_Dataset records:_

++++

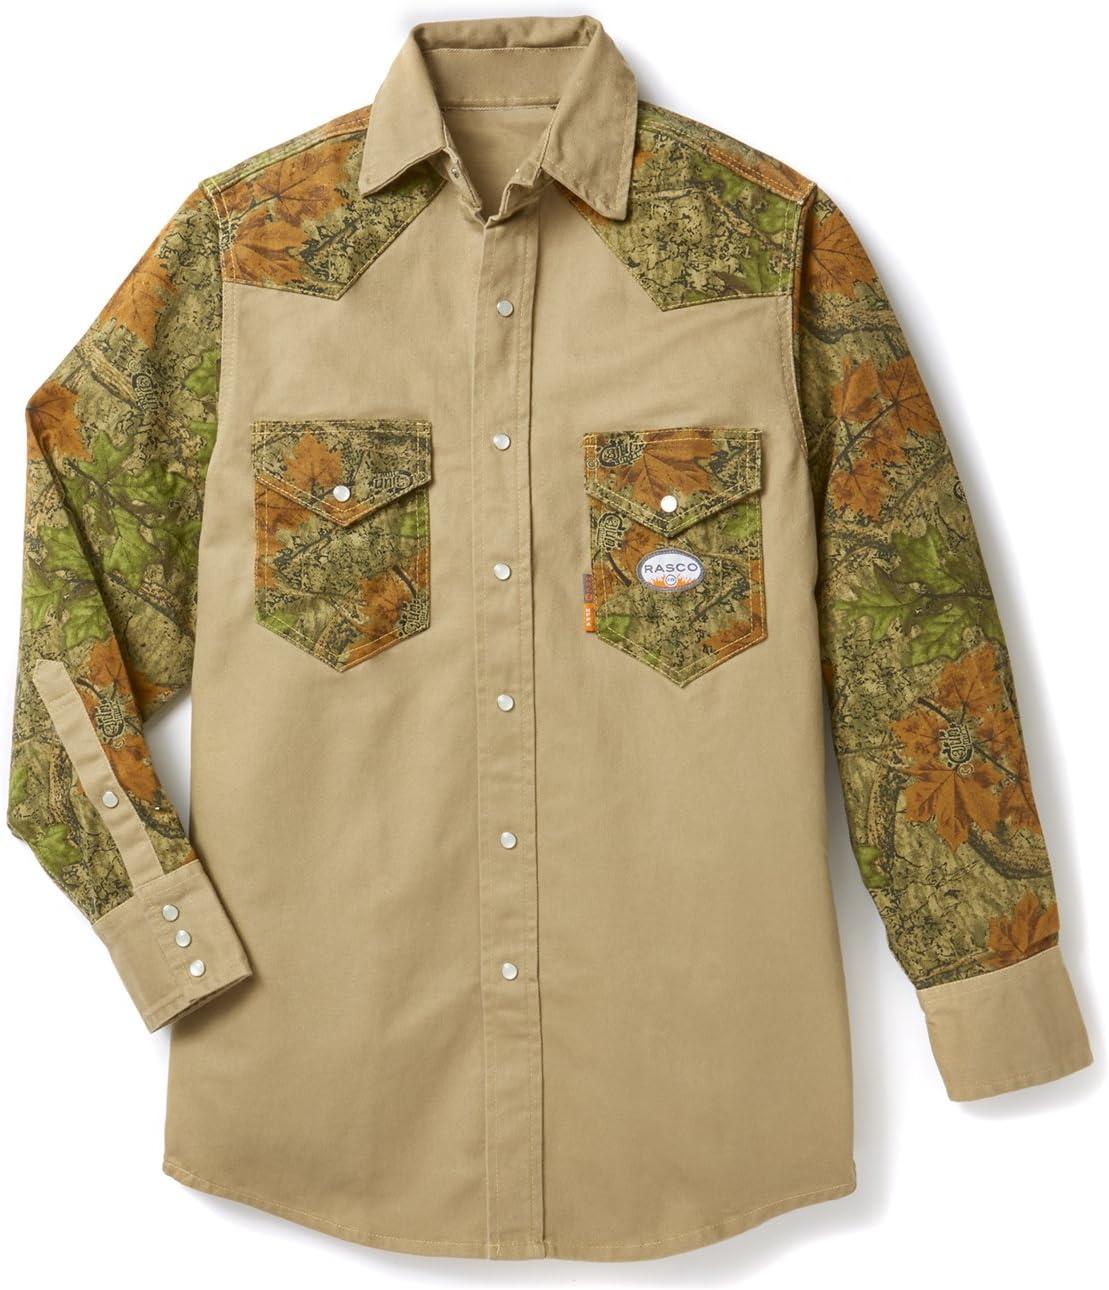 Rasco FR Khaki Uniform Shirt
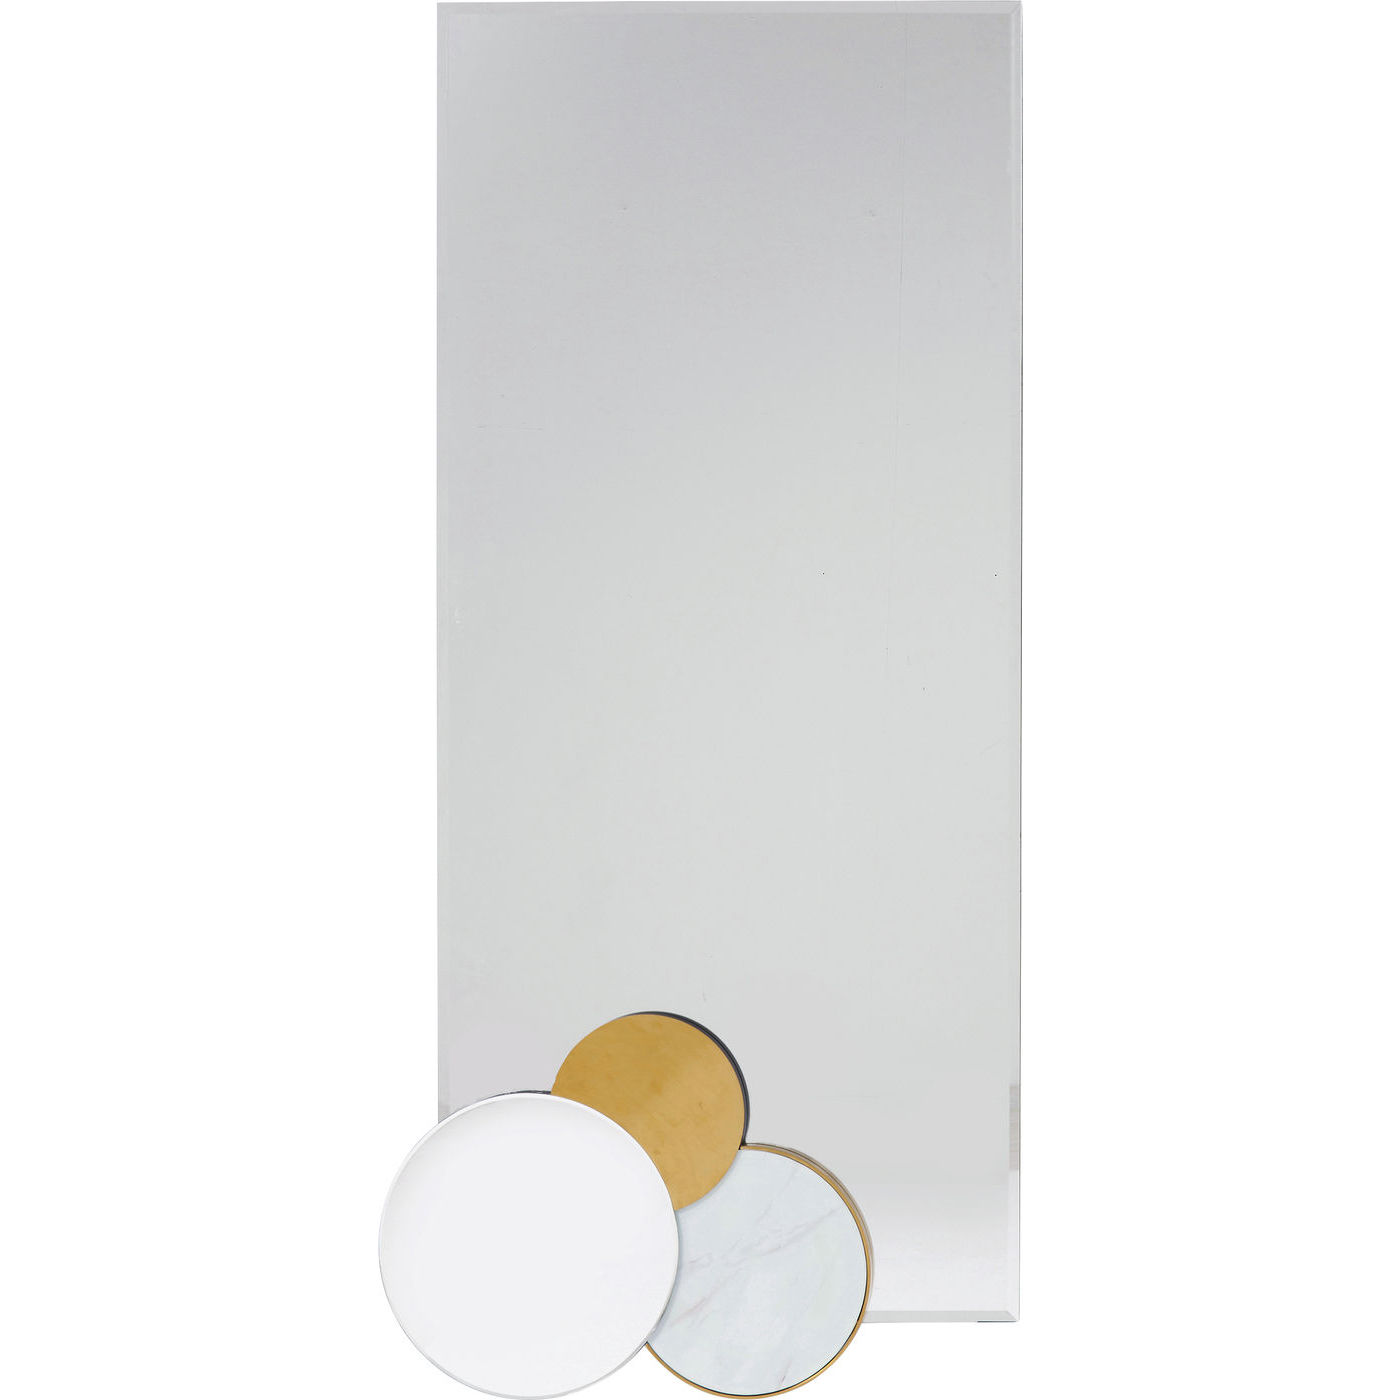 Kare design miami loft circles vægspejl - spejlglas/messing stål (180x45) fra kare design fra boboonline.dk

++++

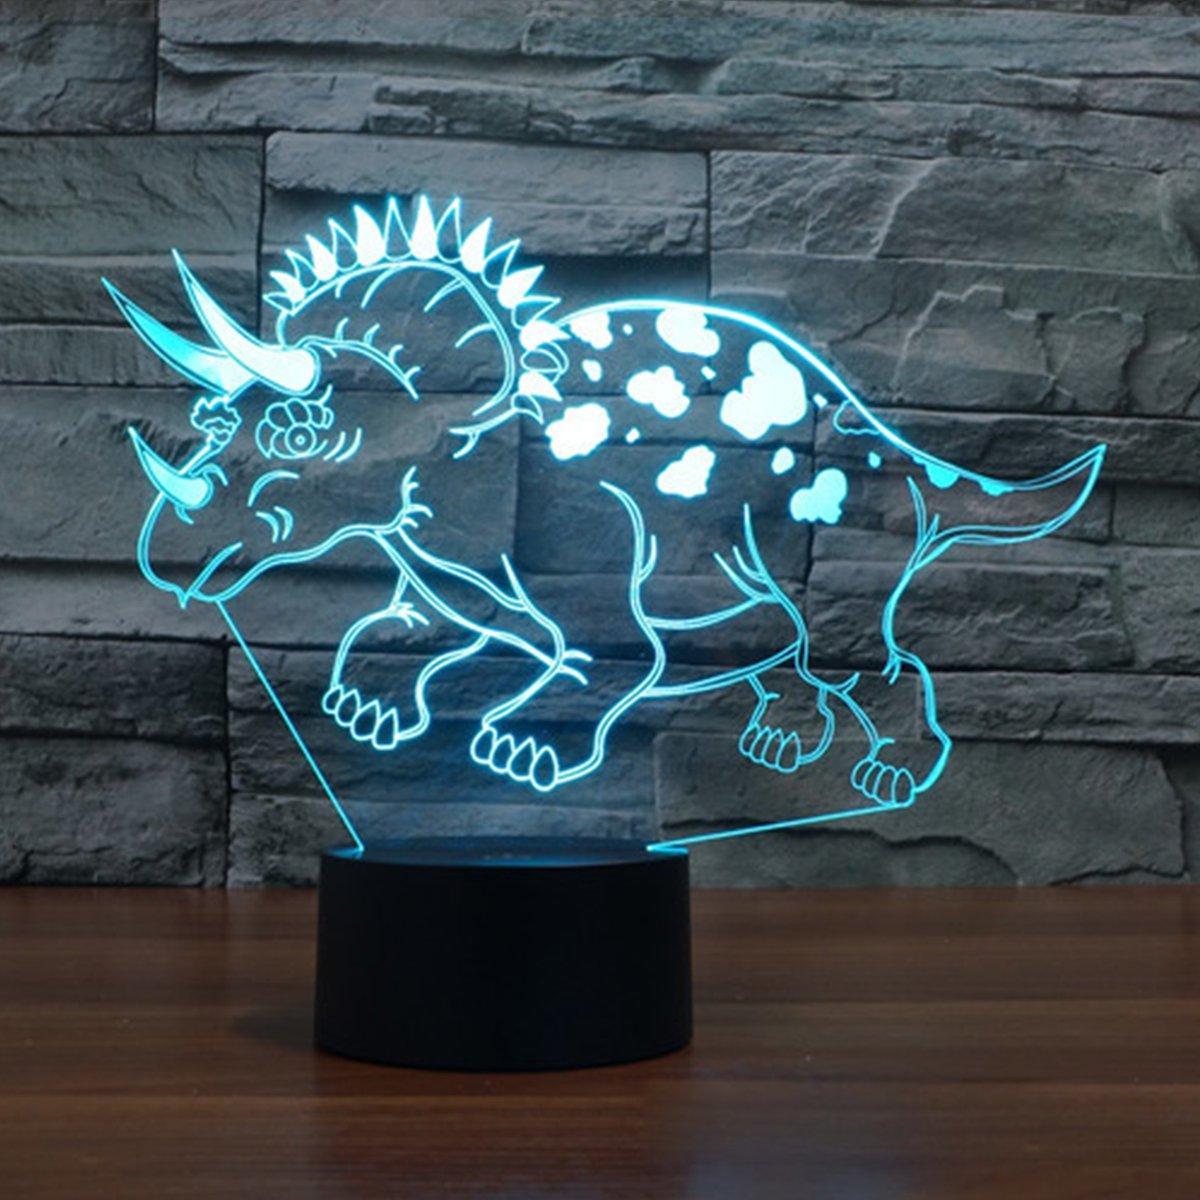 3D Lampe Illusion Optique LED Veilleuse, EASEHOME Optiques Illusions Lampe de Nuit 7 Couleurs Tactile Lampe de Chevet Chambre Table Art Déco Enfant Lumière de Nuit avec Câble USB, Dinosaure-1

++++

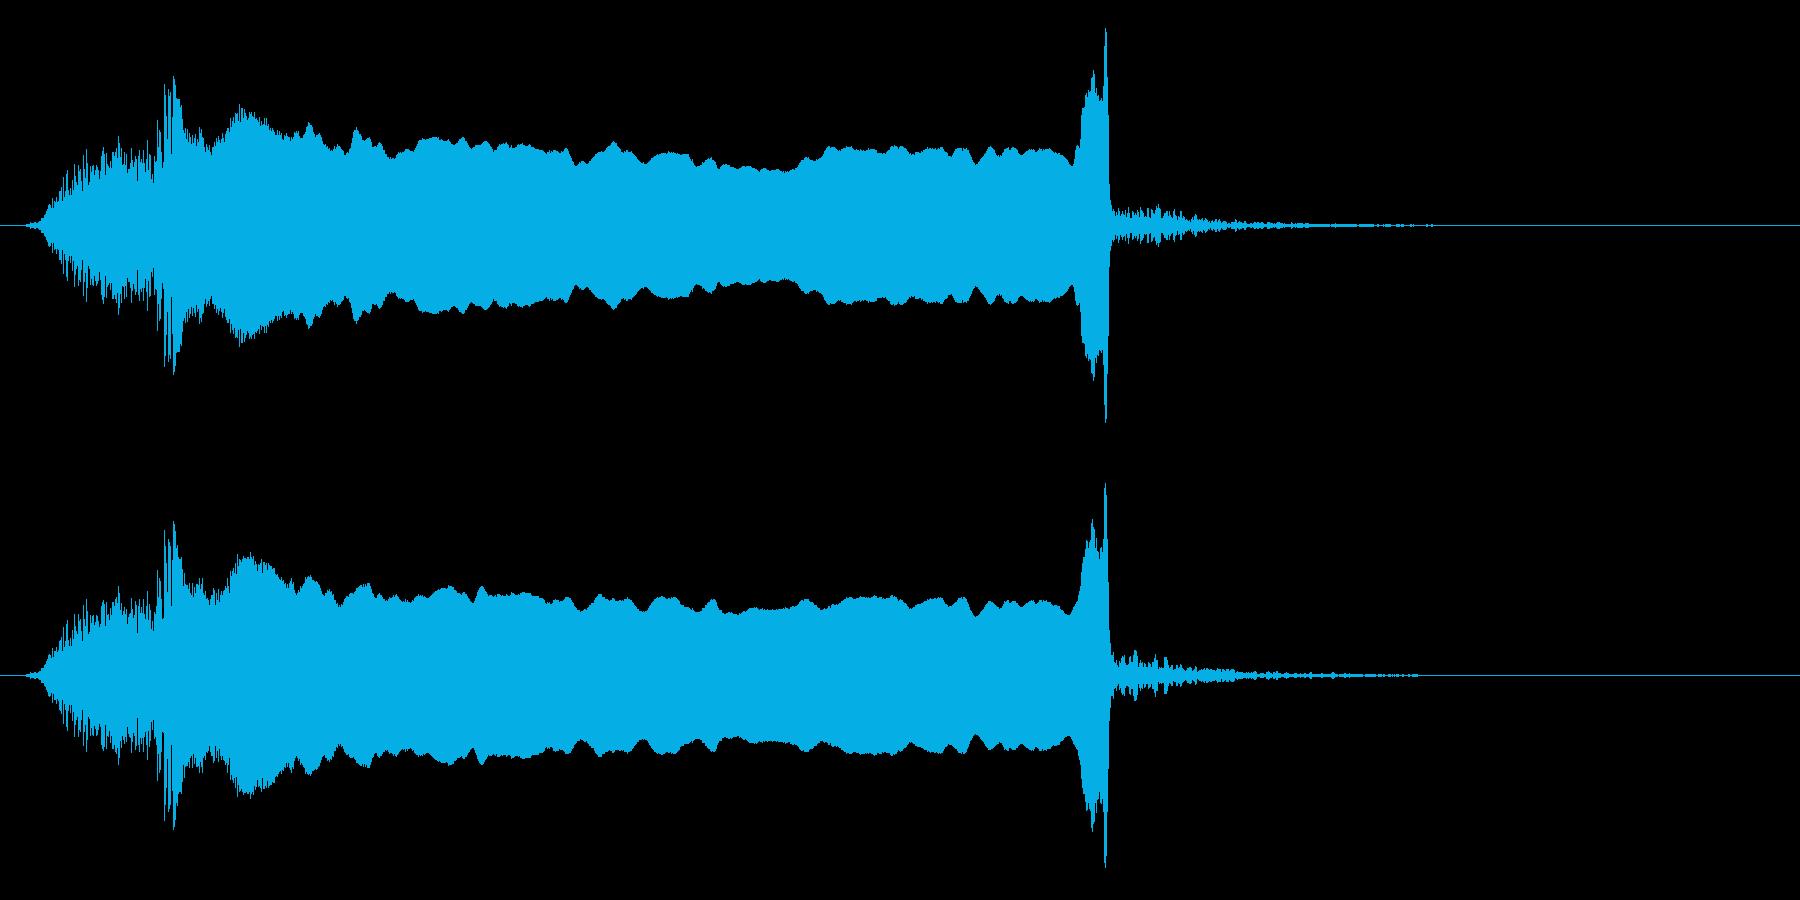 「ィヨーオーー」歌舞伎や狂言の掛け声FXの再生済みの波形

++++

_Exercise:_ Using the listing above, restate exactly the range between the lines holding "Rasco FR Khaki Uniform Shirt" and "Kare design miami", inclusive, with pictures left out.

_Solution to this exercise:_
 Rasco FR Khaki Uniform Shirt
 Kare design miami loft circles vægspejl - spejlglas/messing stål (180x45) fra kare design fra boboonline.dk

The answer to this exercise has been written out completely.